Until now, the choice of platform has often been limited to Application-Specific
Integrated Circuits (ASICs), due to their best-of-breed performance and power
consumption. The economies of scale possible with these high-volume markets have
traditionally been able to hide the high Non-Recurring Engineering (NRE) costs
required for designing and fabricating new ASICs. However, with the NREs and
design time escalating with each generation of mobile applications, this practice may
be reaching its limit.
Designers today are looking at programmable solutions, so that they can respond
more rapidly to changes in the market and spread costs over several generations of
mobile applications. However, there have been few feasible alternatives to ASICs:
Digital Signals Processors (DSPs) and microprocessors cannot meet the throughput
requirements, whereas Field-Programmable Gate Arrays (FPGAs) require too much
area and power.
Coarse-grained dynamically reconfigurable architectures offer better solutions for
high throughput applications, when power and area considerations are taken into
account. One promising example is the Reconfigurable Instruction Cell Array
(RICA). RICA consists of an array of cells with an interconnect that can be
dynamically reconfigured on every cycle. This allows quite complex datapaths to be
rendered onto the fabric and executed in a single configuration - making these
architectures particularly suitable to stream processing. Furthermore, RICA can be
programmed from C, making it a good fit with existing design methodologies.
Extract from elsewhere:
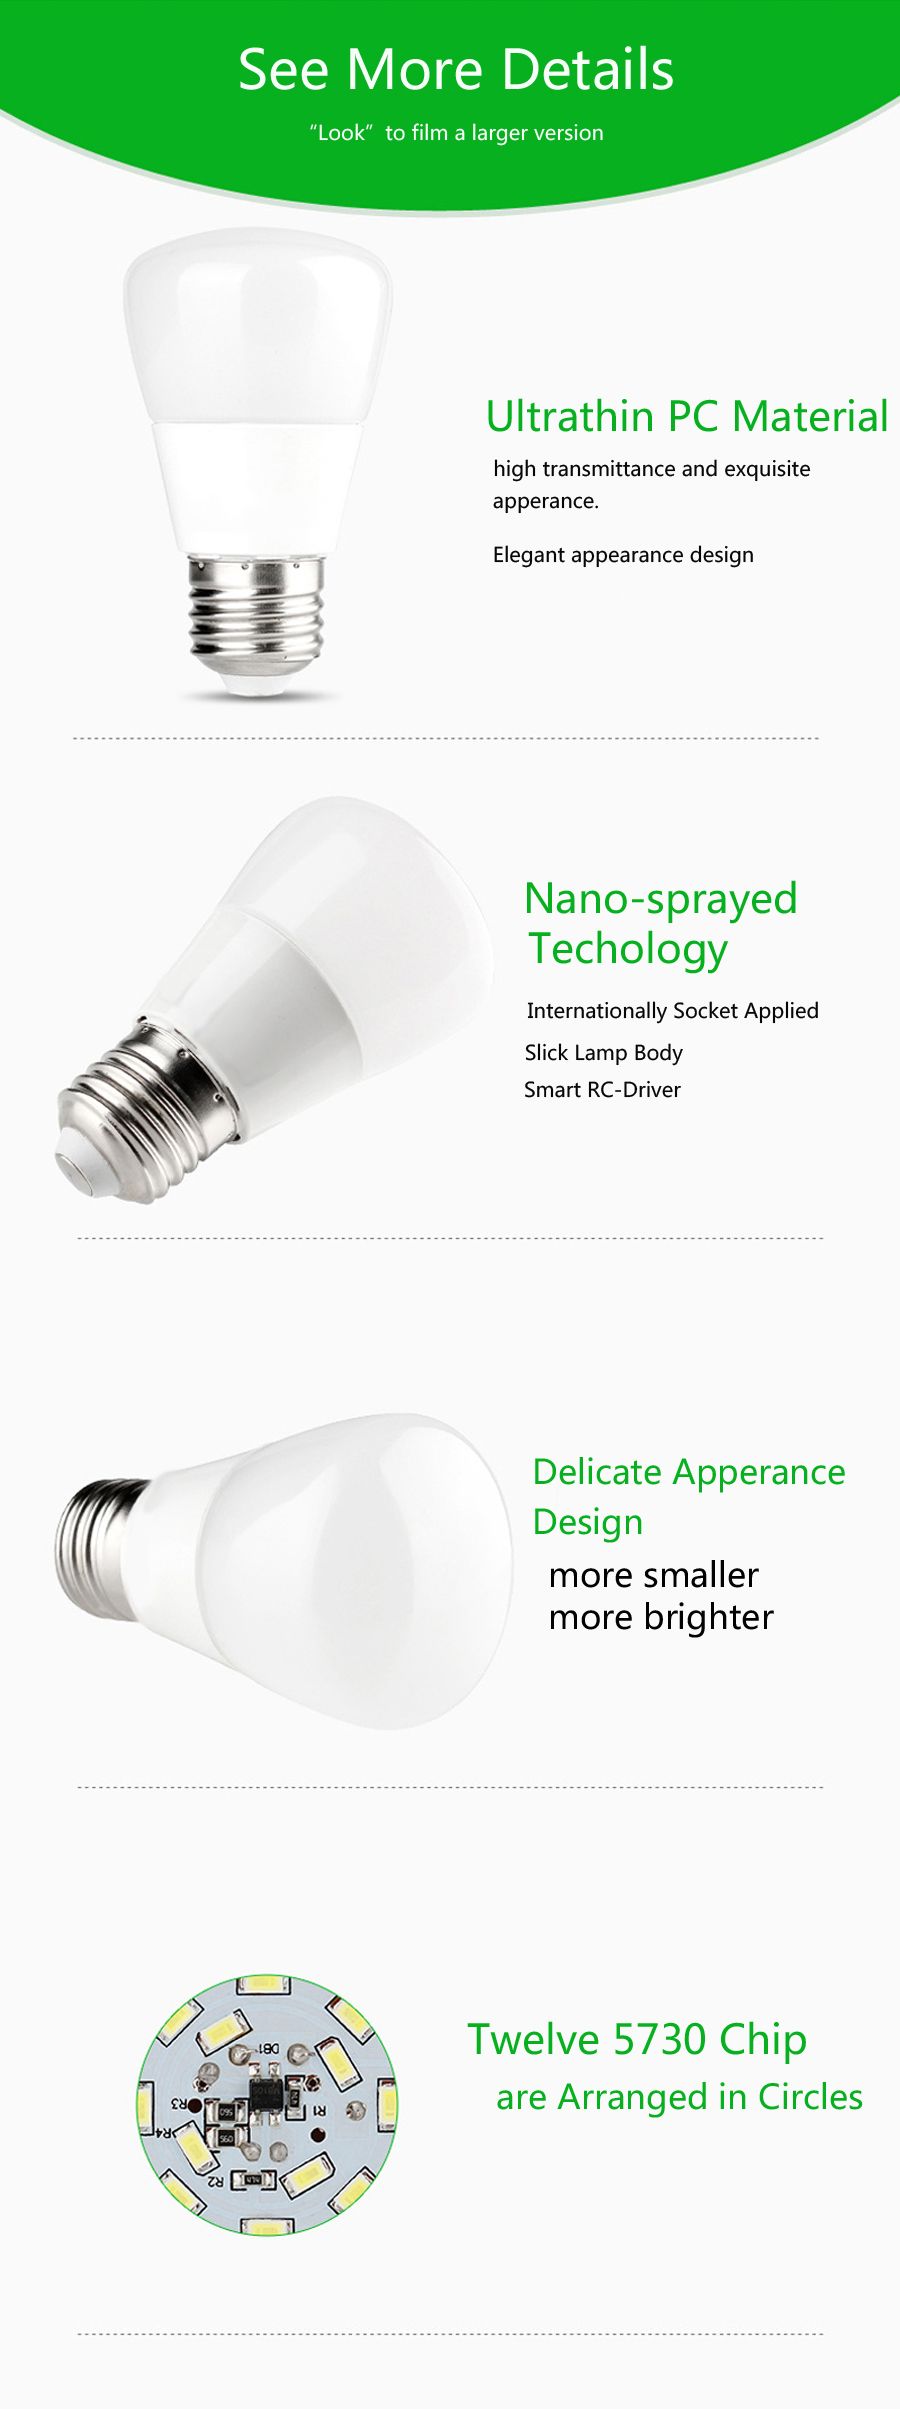 ZX-Newest-E27-5W-SMD-5730-LED-Pure-White-Warm-White-550Lm-Glaze-Light-Lamp-Bulb-AC85-265V-1085728

However the RICA architecture has a drawback: poor scalability in terms of area and
power. As the core gets bigger, the number of sequential elements in the array must
be increased significantly to maintain the ability to achieve high throughputs through
pipelining. As a result, a larger clock tree is required to synchronise the increased
number of sequential elements. The clock tree therefore takes up a larger percentage
of the area and power consumption of the core.
This thesis presents a novel Dynamically Reconfigurable Asynchronous Processor
(DRAP), aimed at high-throughput mobile applications. DRAP is based on the RICA
architecture, but uses asynchronous design techniques - methods of designing digital
systems without clocks. The absence of a global clock signal makes DRAP more
scalable in terms of power and area overhead than its synchronous counterpart.
The DRAP architecture maintains most of the benefits of custom asynchronous
design, whilst also providing programmability via conventional high-level languages.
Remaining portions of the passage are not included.